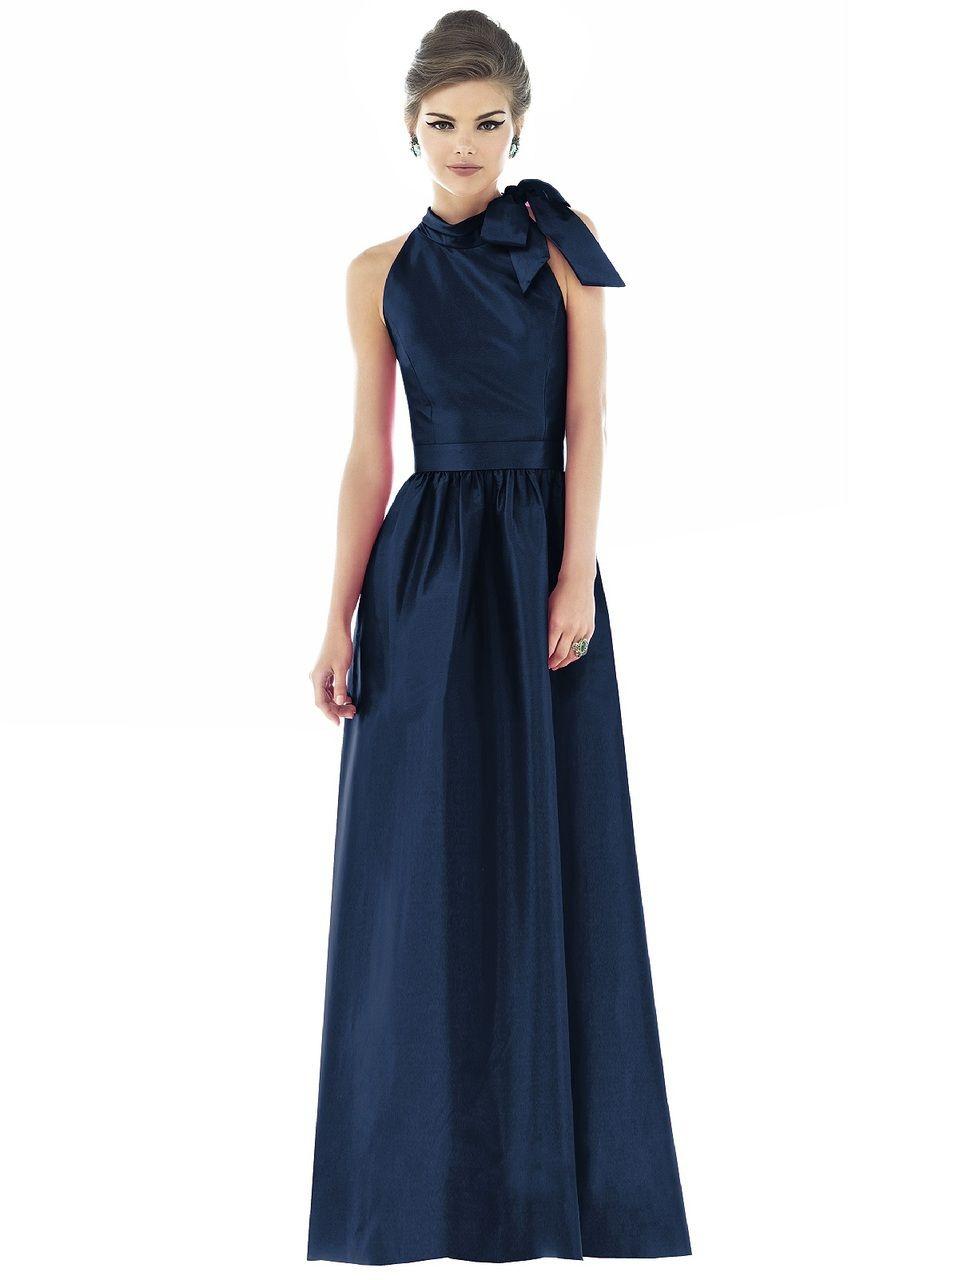 Alfred sung bridesmaid dress style d535 blush bridal blush alfred sung bridesmaid dress style d535 blush bridal ombrellifo Choice Image
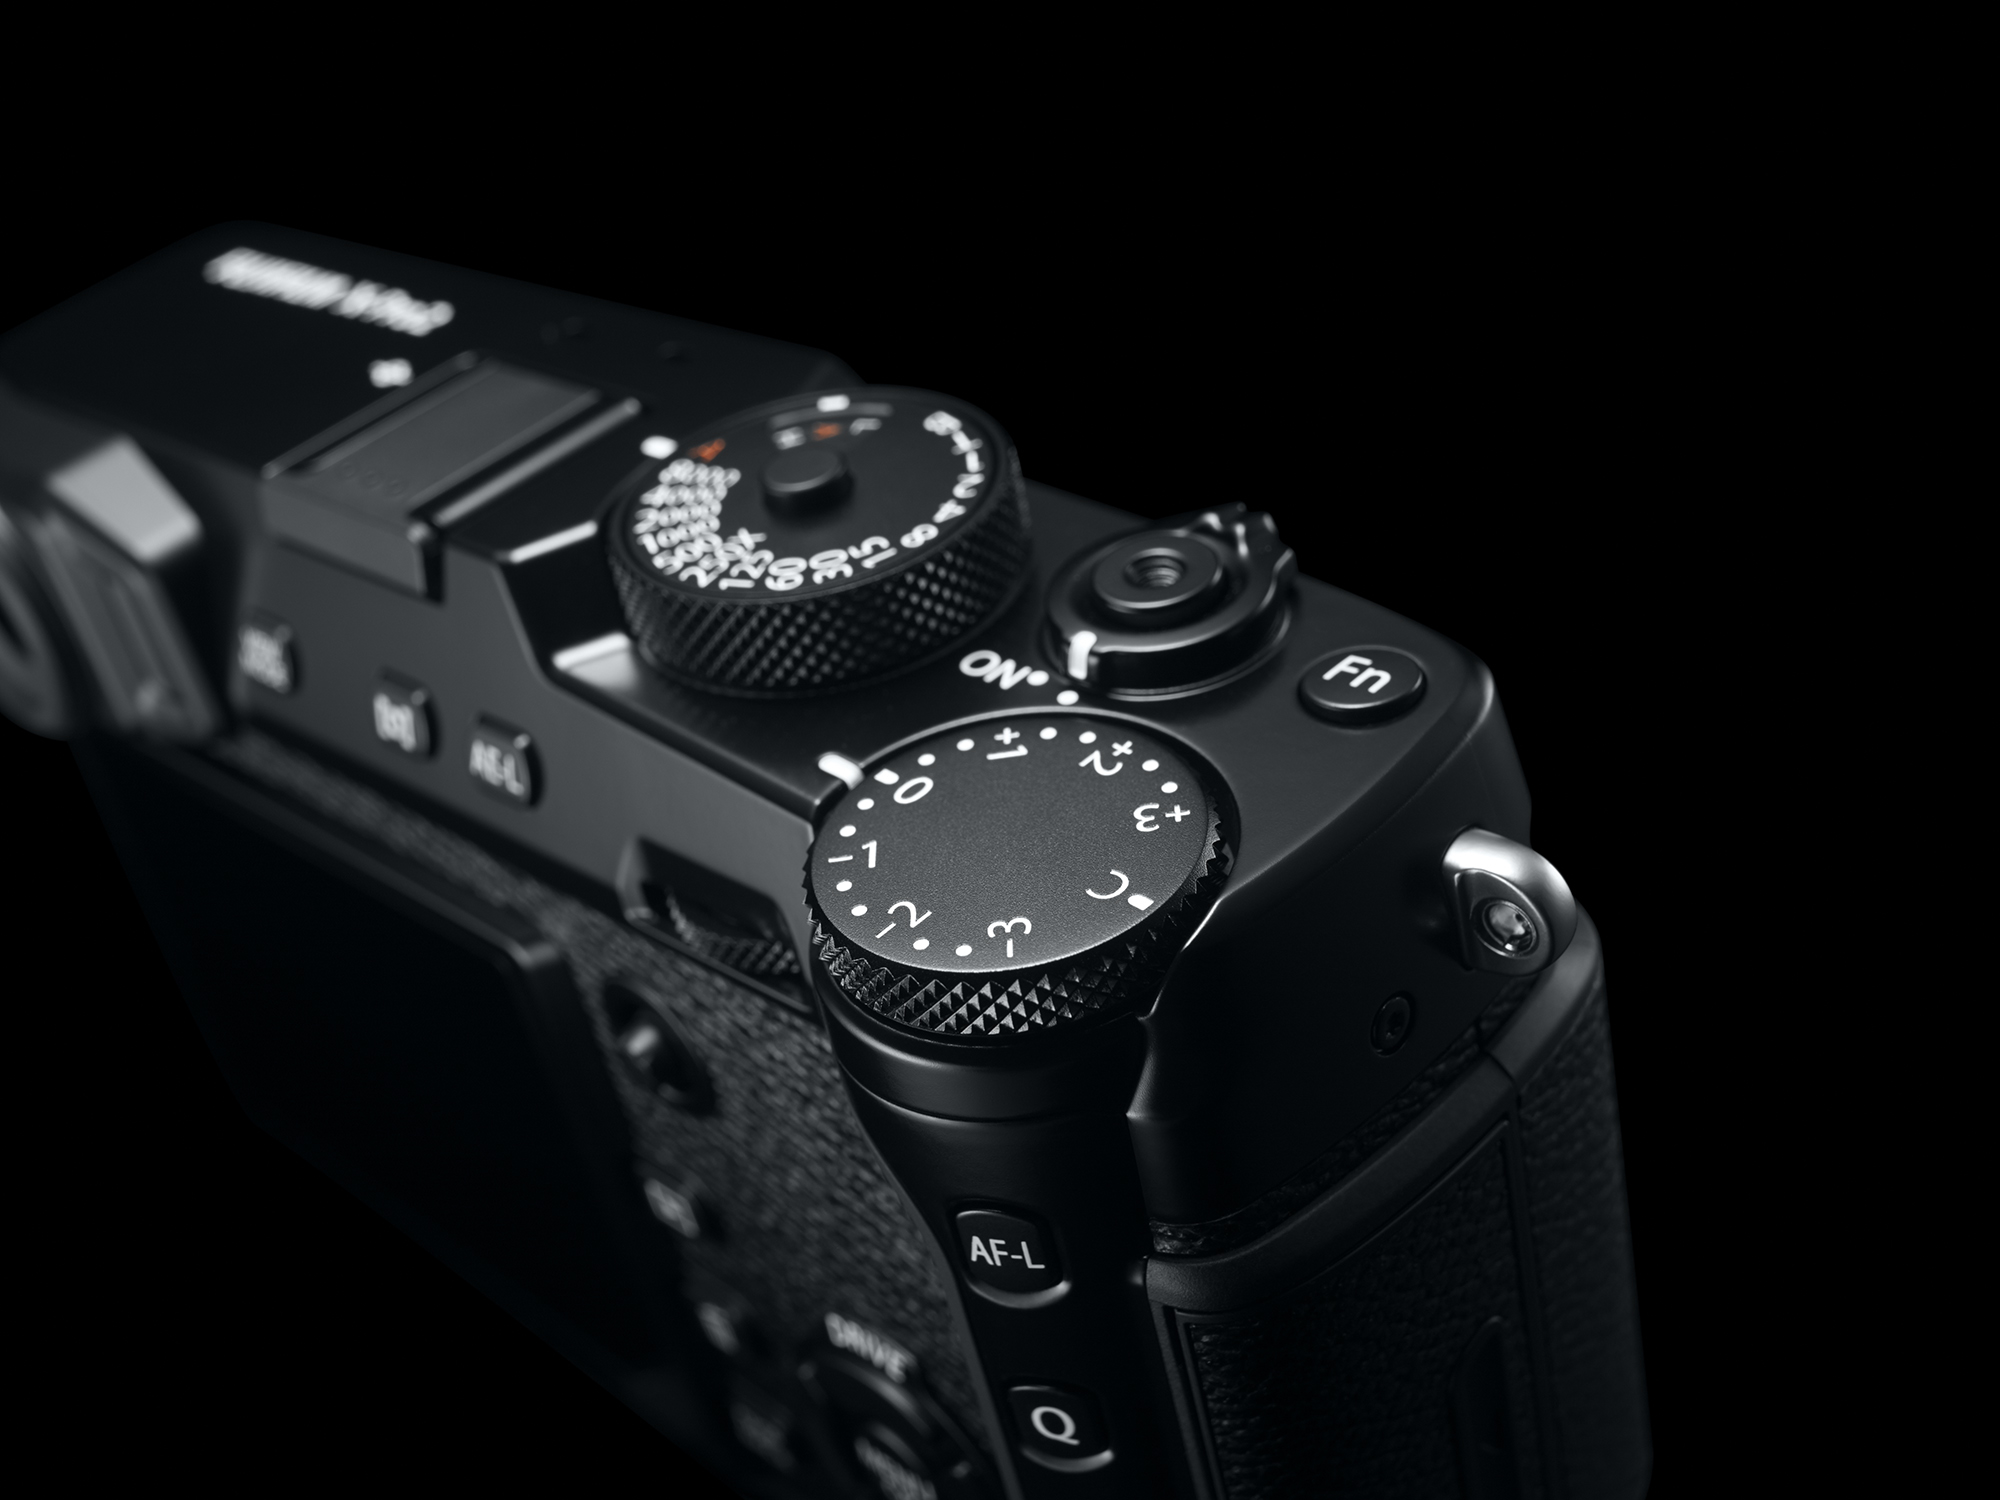 Fujifilm_X Pro2_BK_EV_Conpensation_Dial
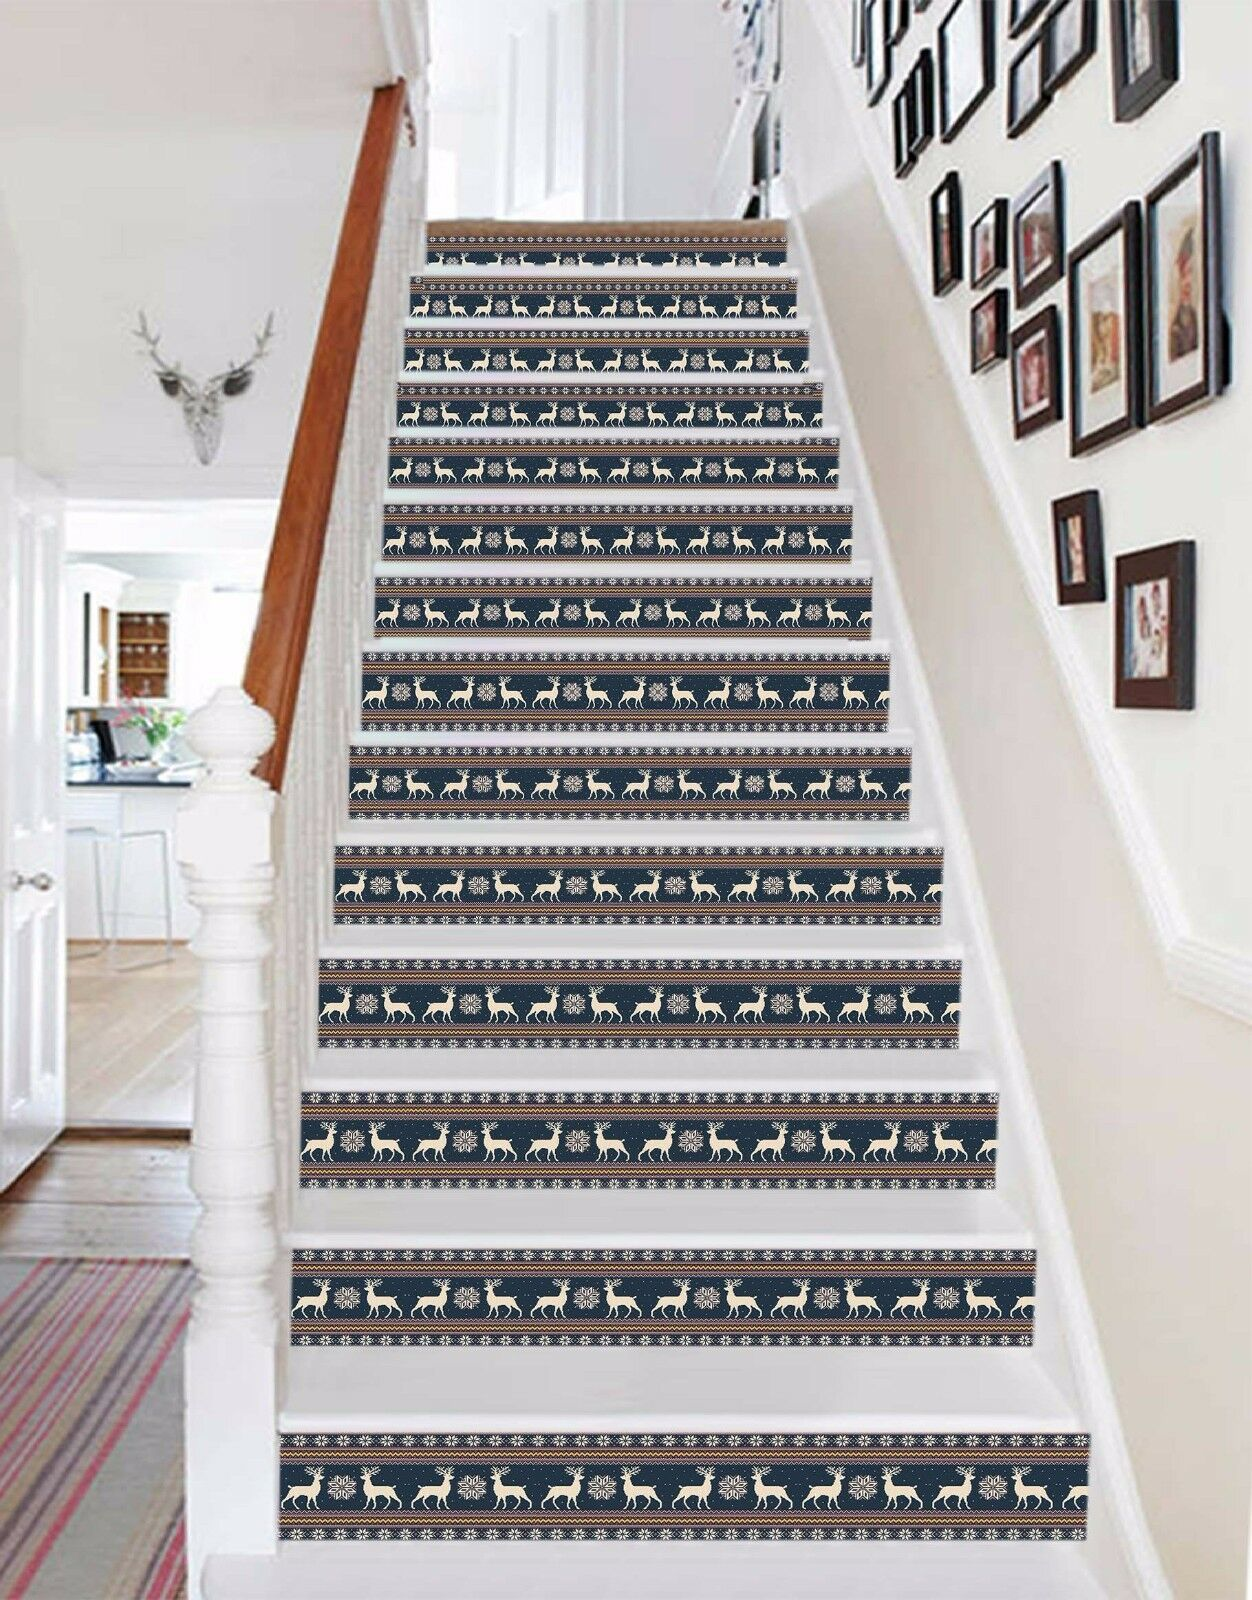 3D Hirsch Muster 31 Stair Risers Dekoration Fototapete Vinyl Aufkleber Tapete DE

### TASK DIRECTIONS:
The response is the full listing, copied exactly, with the pictures omitted.

### RESPONSE BELOW:
 Alfred sung bridesmaid dress style d535 blush bridal blush alfred sung bridesmaid dress style d535 blush bridal ombrellifo Choice Image
 Fujifilm_X Pro2_BK_EV_Conpensation_Dial
 3D Hirsch Muster 31 Stair Risers Dekoration Fototapete Vinyl Aufkleber Tapete DE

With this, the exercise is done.